On the other hand, it is difficult to believe that, as seen earlier, the testimony of the witness next to it is true that the next AA, who was well aware of the fact that the 20-year experience in the securities transaction practice and related knowledge is subject to a maximum amount of gift tax in the case of stock title trust, has acquired and traded the instant shares in the name of the Plaintiff for the purpose of providing economic assistance to the Plaintiff only when taking the risk of imposing gift tax, and there is no evidence to prove that the title trust of the instant shares was made for any reason other than the tax avoidance purpose.
In addition, the following circumstances, i.e., ① there is no persuasive explanation as to the fact that the title trust of the instant shares was made for reasons other than tax avoidance purposes; ② in a similar time, the title trust of shares was made not only to the Plaintiff but also to KimS, who was his subordinate staff; ③ in a long-term manner, the Plaintiff’s acquisition of shares was made in title trust with the Plaintiff and UND; ③ even if the global income tax on the dividend income evaded was not considered, the transfer of shares was 10,386,253; ④ in a case where the Plaintiff did not know that the purpose of this case’s acquisition of shares was 00 years and 205 years and 200 years in light of the relevant laws and regulations, the Plaintiff did not actually evade the transfer income tax by way of title trust with the Plaintiff at the time of this case’s 20 years and 0 years and 00 years in case of transfer of shares to the Plaintiff. However, there is no room to view that the Plaintiff’s 20 years and 000 years in case of transfer income tax of the Plaintiff’s shares subject to taxation.
3) Determination as to the third argument (the assertion that the amount of duty imposed is excessive)

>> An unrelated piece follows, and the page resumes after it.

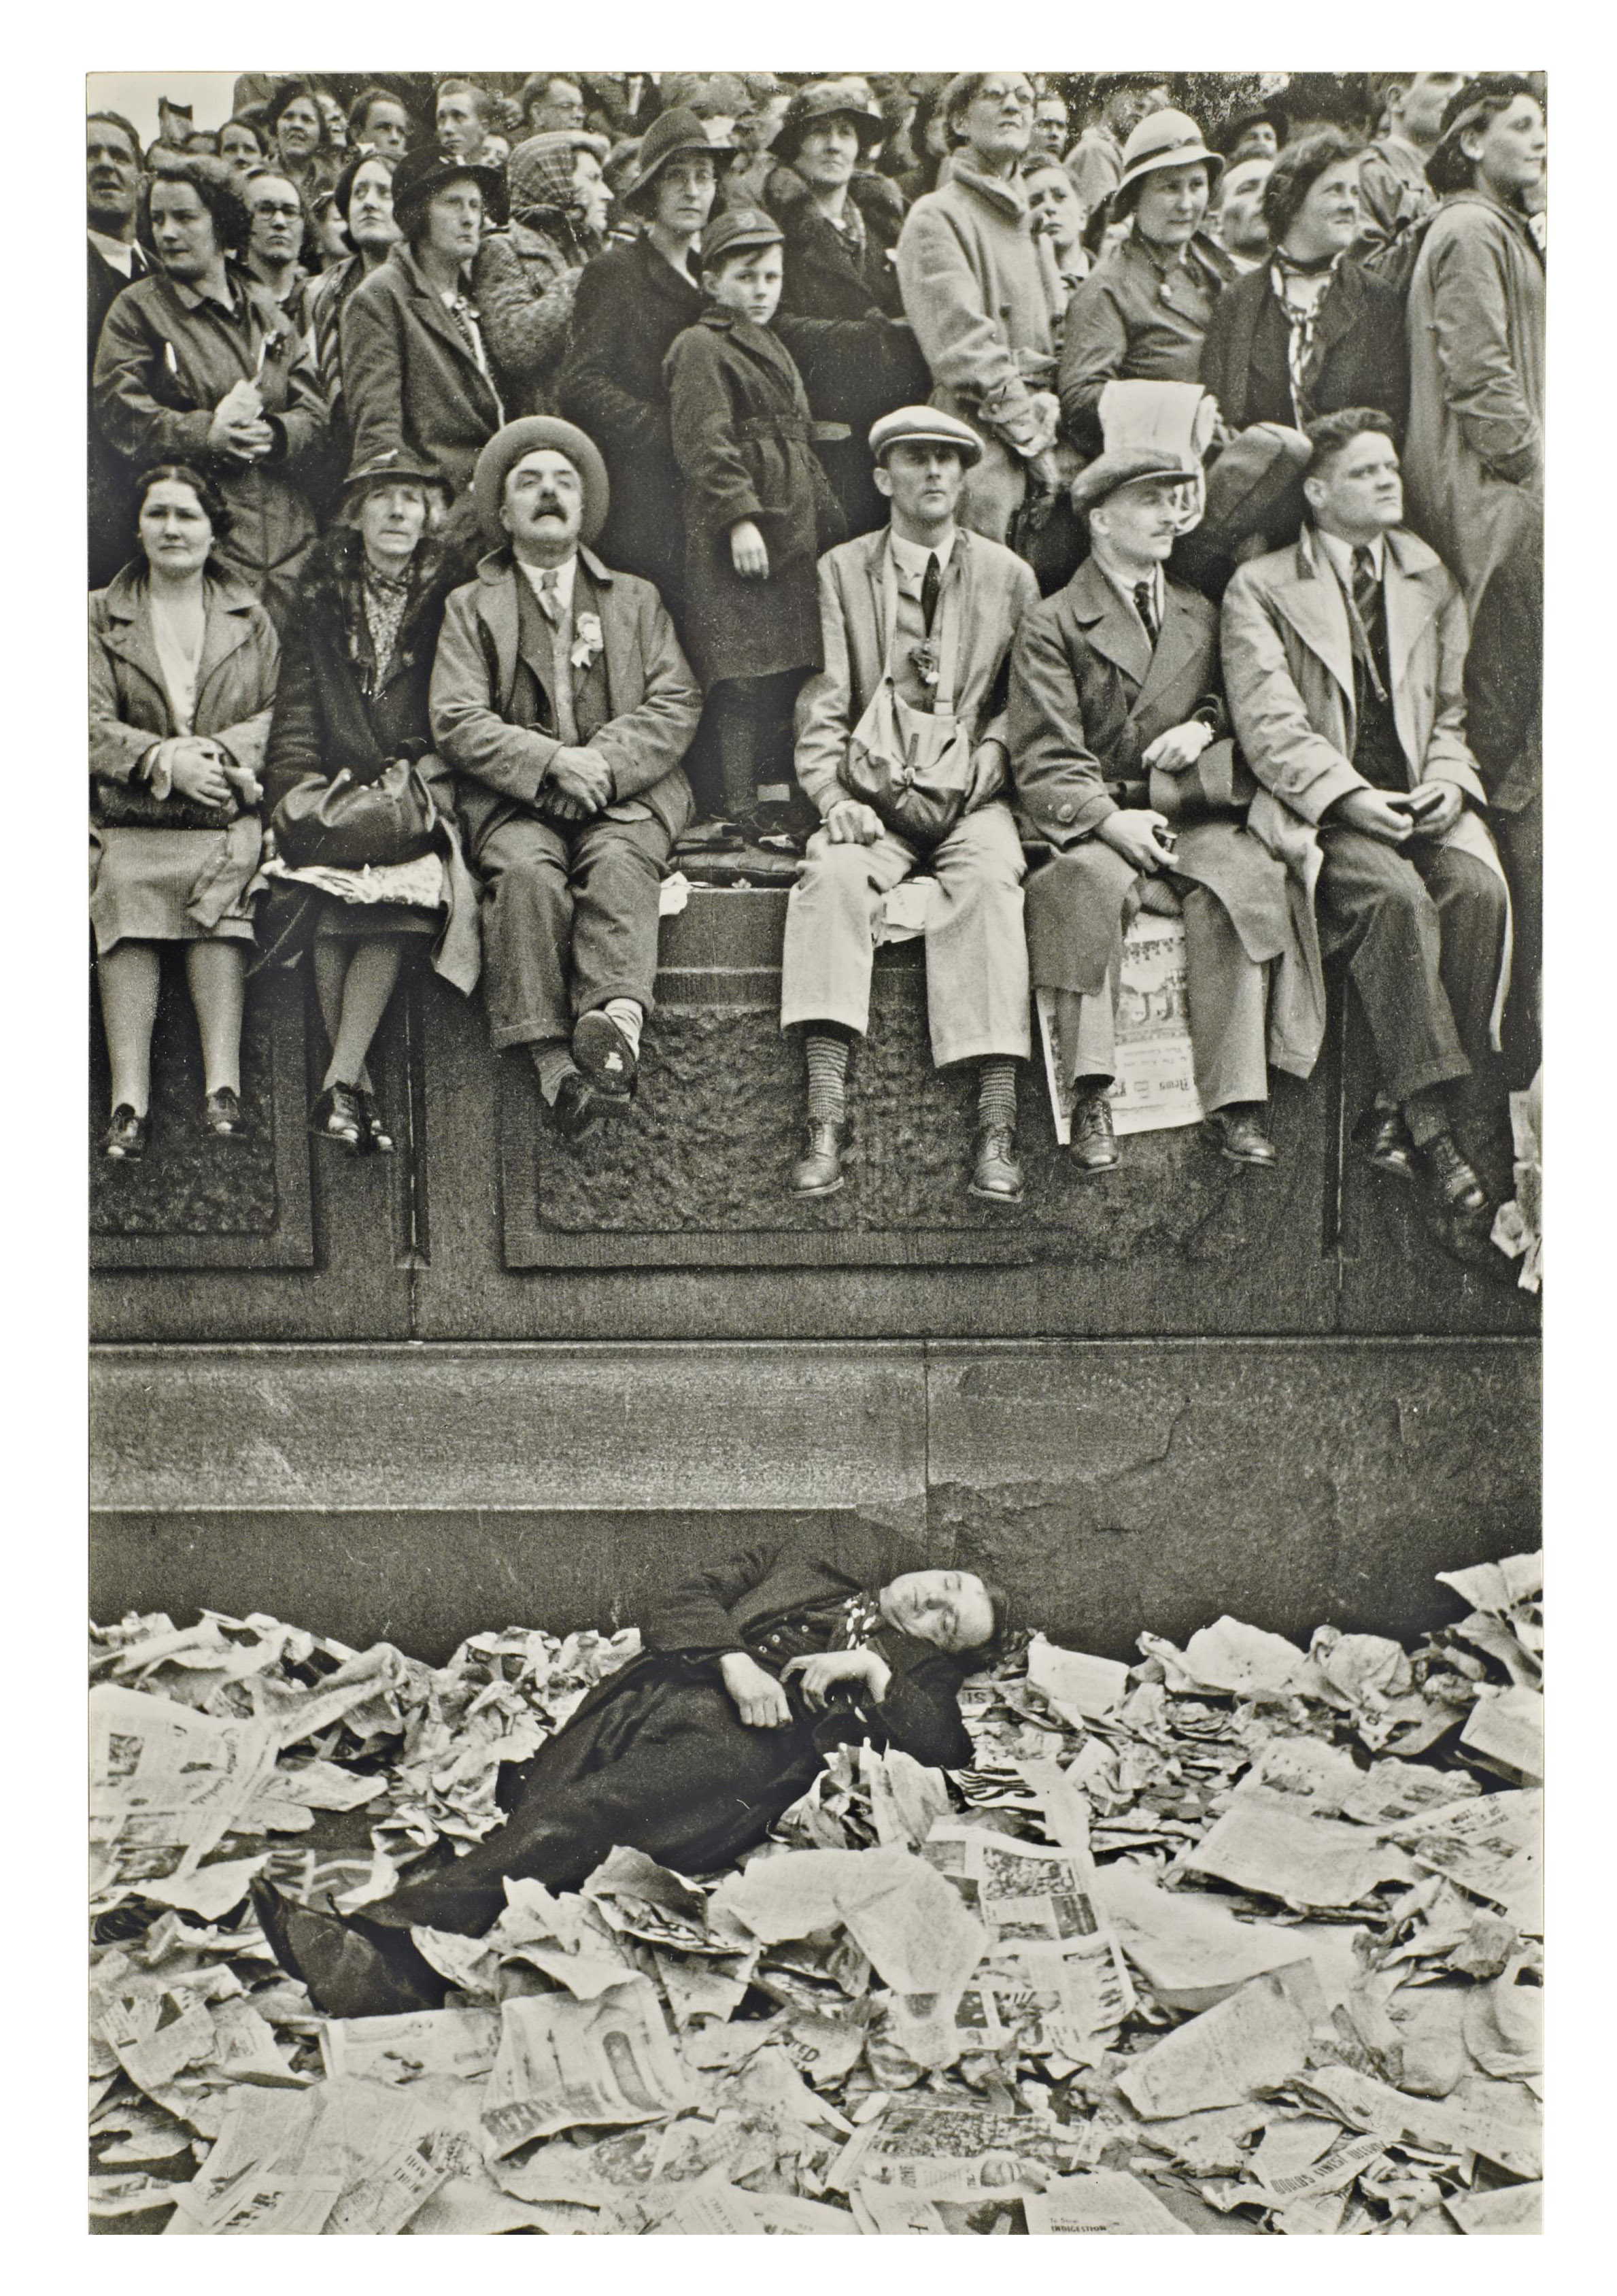 Couronnement du roi George VI, Trafalgar Square, Londres, 12 mai 1937

Article 45-2(1) of the Inheritance Tax and Gift Tax Act is an exception to the substance over form principle, and as an exception to the substance over form principle, the title trust system is limited to donation to the extent that it is intended to effectively prevent the abuse of the substance over form principle as a means of tax avoidance, and does not change the ownership of the property under title trust. Thus, the actual owner of the property under title trust continues to be the title truster notwithstanding the above provision (see Supreme Court Decision 2004Du11220, Sept. 22, 2006). Furthermore, the above provision on the constructive gift of title trust is a separate re-distribution that requires the transfer or exercise of the right, etc., and where it differs from the actual owner or the nominal owner, a gift tax is imposed on the property deemed donated pursuant to the above provision as a requirement for taxation. In light of the fact that the property is the title trust shares itself, not the purchase price, and thus, it is difficult to view that the above provision on double taxation or the substance gift tax is contrary to the principle of double taxation.
3. Conclusion
The plaintiff's claim is dismissed on the ground that it is without merit.